Comparative Example 1

(28) Graphite as a negative electrode active material, denka black as a conductive material, and polyvinylidene fluoride as a binder were mixed at a weight ratio of 96:2:2, and the resulting mixture was added to N-methyl pyrrolidone (NMP) to prepare a slurry, and then the slurry was applied at 2.44 mAh/cm.sup.2 to one surface of a copper foil having an opening ratio of 50%, a hole diameter of 0.05 mm, and a thickness of 20 μm.

(29) Thereafter, an electrode coated with the slurry was placed in an oven and dried at 80° C. for 24 hours.

Experimental Example 1

(30) Comparison of Electrode Surfaces

(31) Photographs of surfaces of the electrodes prepared in Example 1 and Comparative Example 1 are illustrated in FIG. 4.

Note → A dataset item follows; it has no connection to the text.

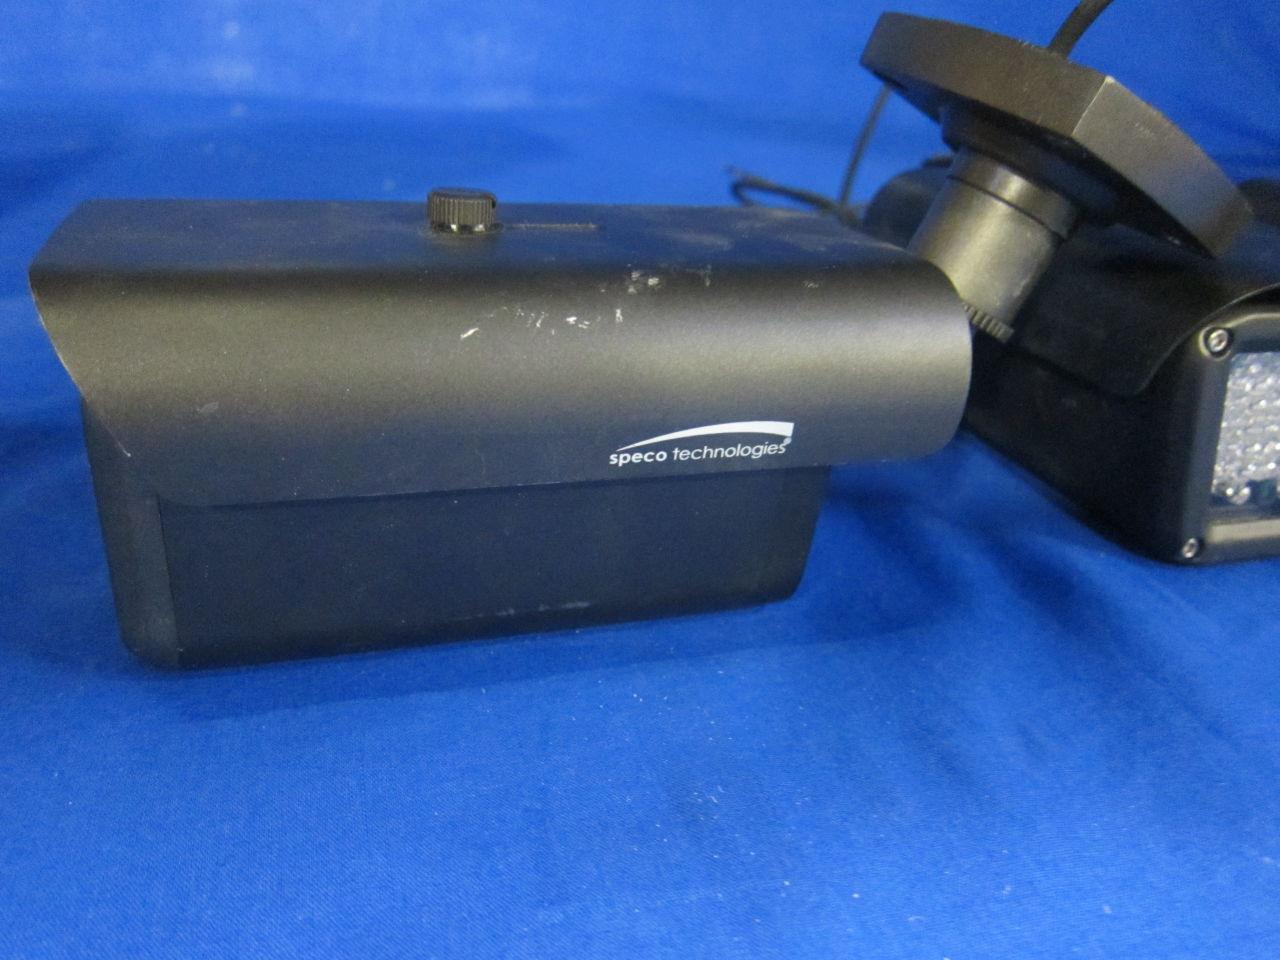 SPECO TECHNOLOGIES IR60 Infrared Camera

(32) As can be seen from FIG. 4, the surface of the electrode according to Example 1 is uniform, but the surface of the electrode according to Comparative Example 1 is non-uniform, and it can be seen that the electrodes may not be capable of controlling the same electrode loading.

(33) It should be understood by those skilled in the art that various changes may be made without departing from the spirit and scope of the present disclosure.